■ **Task details**: First find the line with "口径溶かす自分を引き上げるゲル白眼式15ミリリットルを癒します x4 - Heal" in the entries below, then set down exactly every line through the line with "Жириновский назвал кандидатов", that line included.
** Opening Input block **
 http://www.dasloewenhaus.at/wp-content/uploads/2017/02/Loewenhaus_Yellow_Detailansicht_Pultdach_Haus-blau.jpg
** Closing Input block **
** Opening Input block **
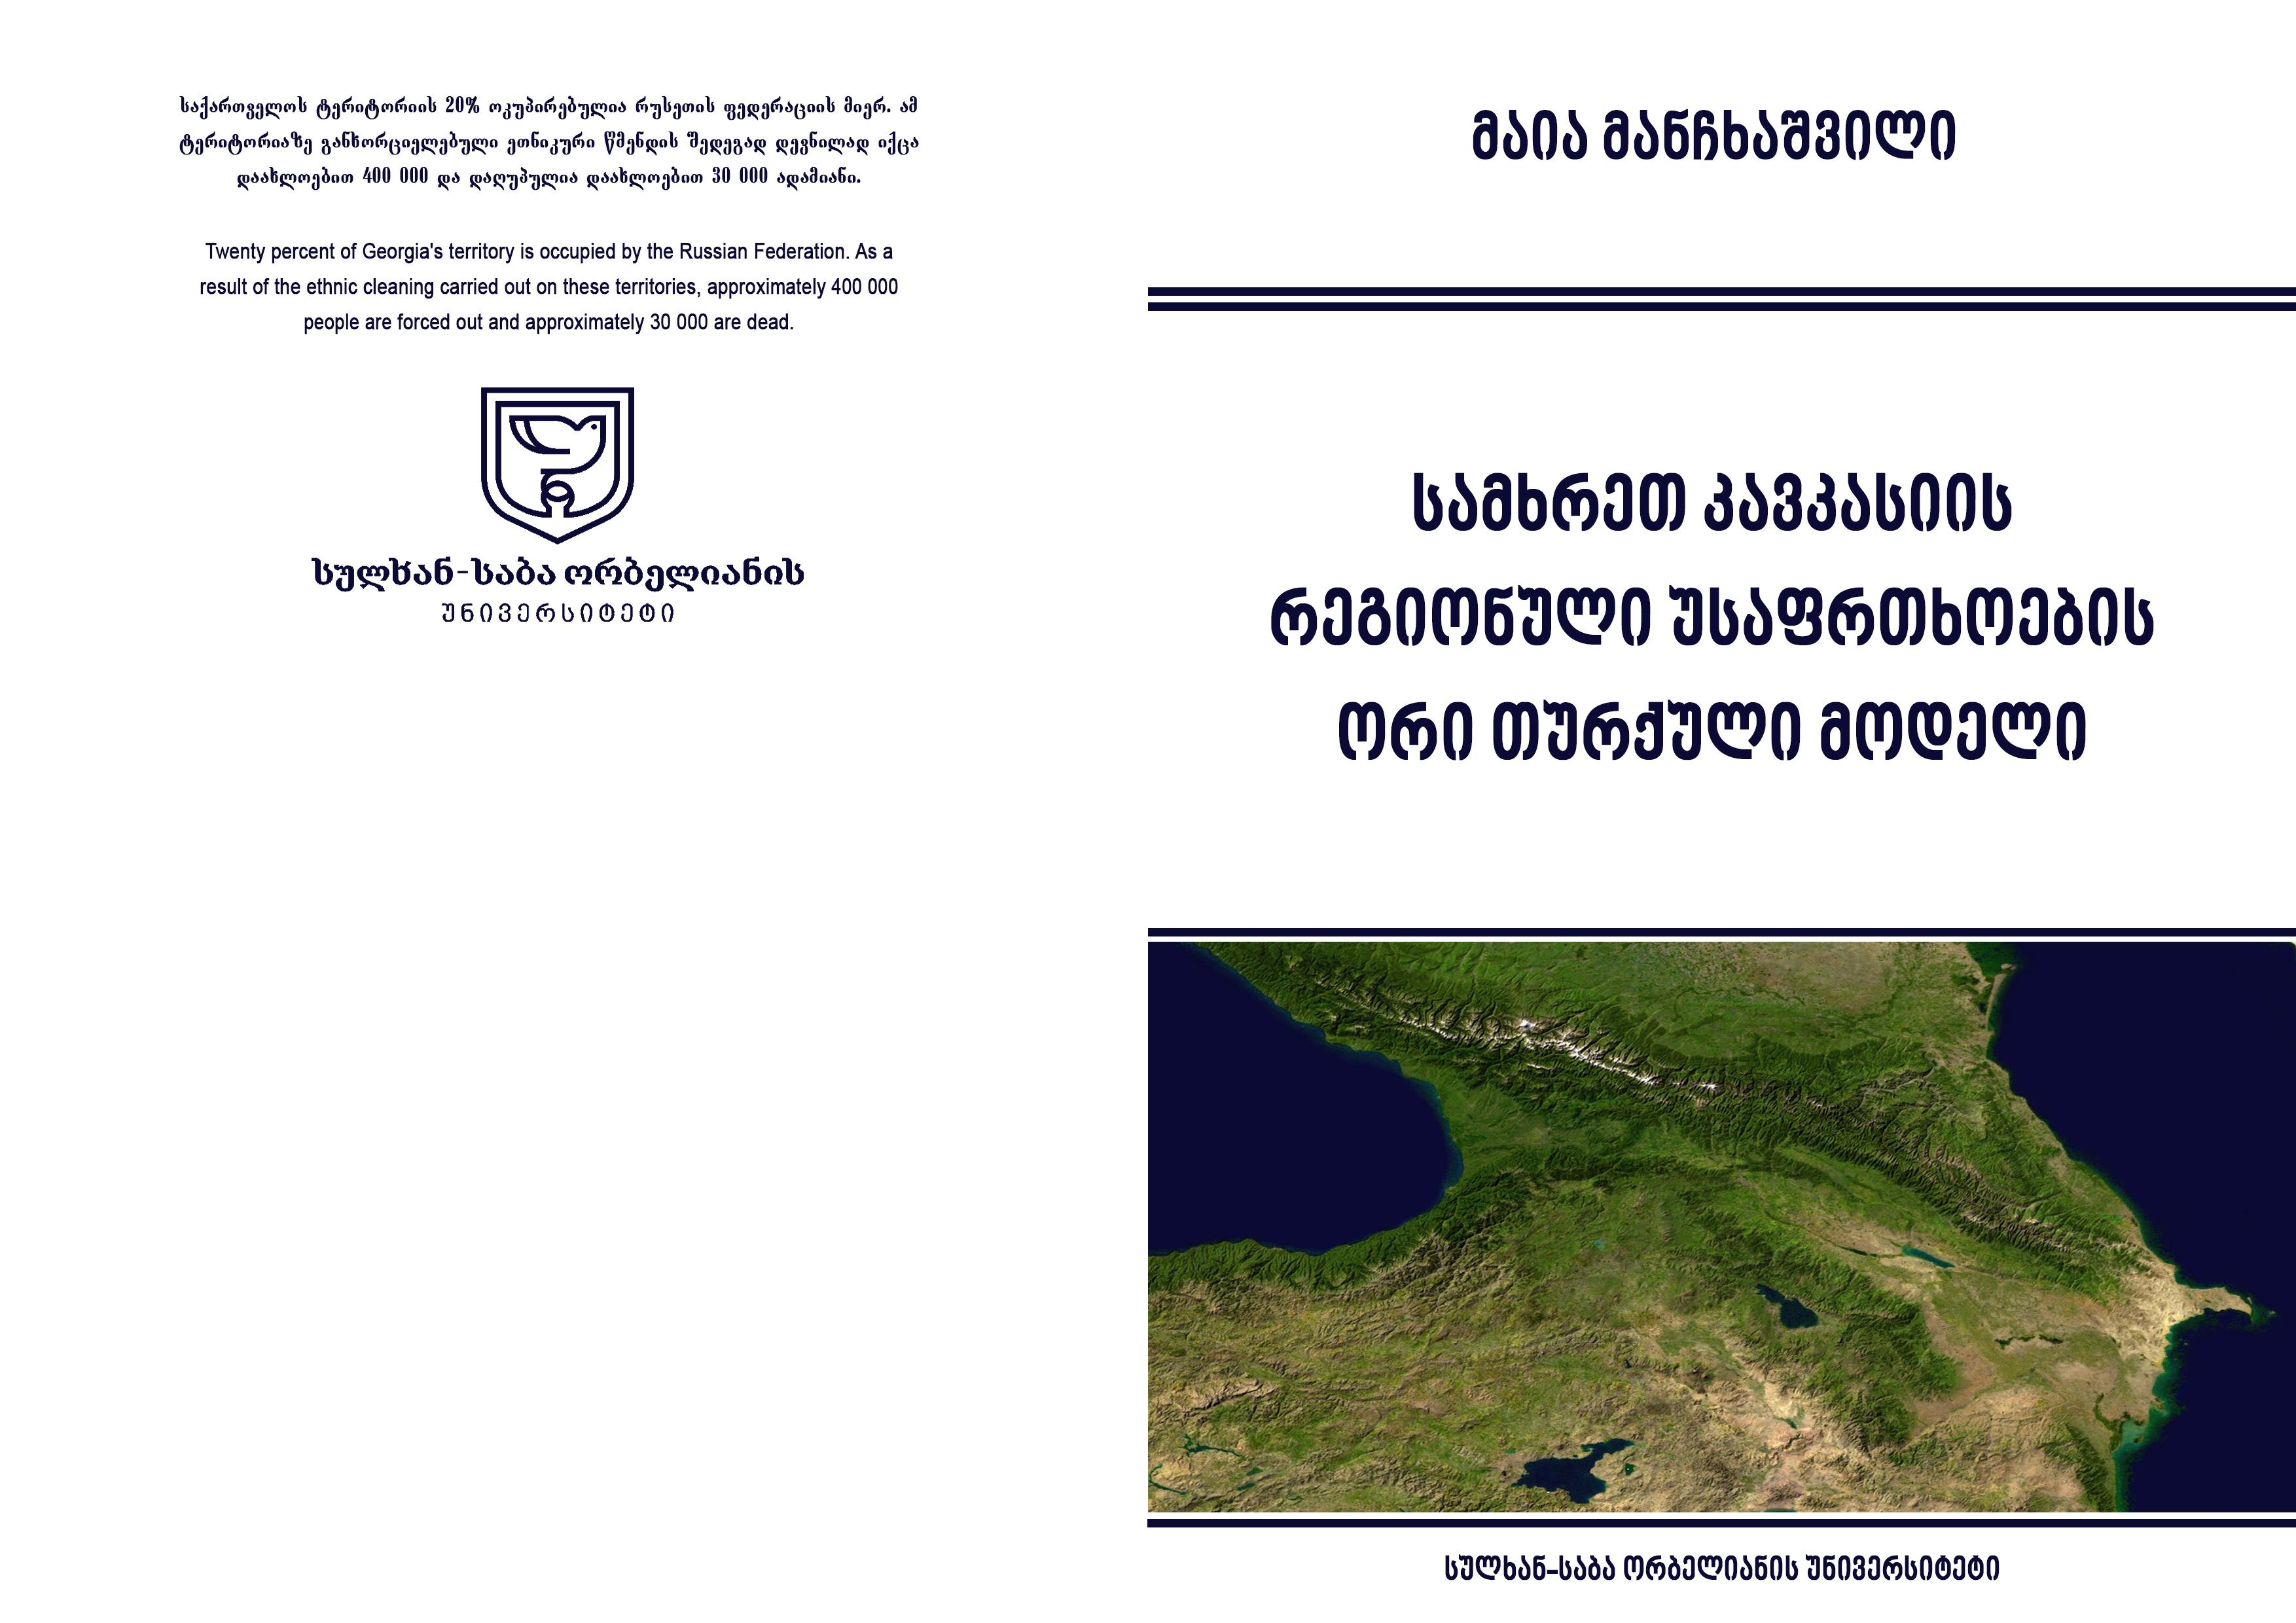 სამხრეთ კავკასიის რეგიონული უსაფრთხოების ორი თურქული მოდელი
** Closing Input block **
** Opening Input block **
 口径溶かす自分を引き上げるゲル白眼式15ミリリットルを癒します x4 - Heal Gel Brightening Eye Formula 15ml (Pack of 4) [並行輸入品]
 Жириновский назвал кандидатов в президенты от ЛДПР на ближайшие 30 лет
** Closing Input block **
■ **Result of this task**:
 口径溶かす自分を引き上げるゲル白眼式15ミリリットルを癒します x4 - Heal Gel Brightening Eye Formula 15ml (Pack of 4) [並行輸入品]
 Жириновский назвал кандидатов в президенты от ЛДПР на ближайшие 30 лет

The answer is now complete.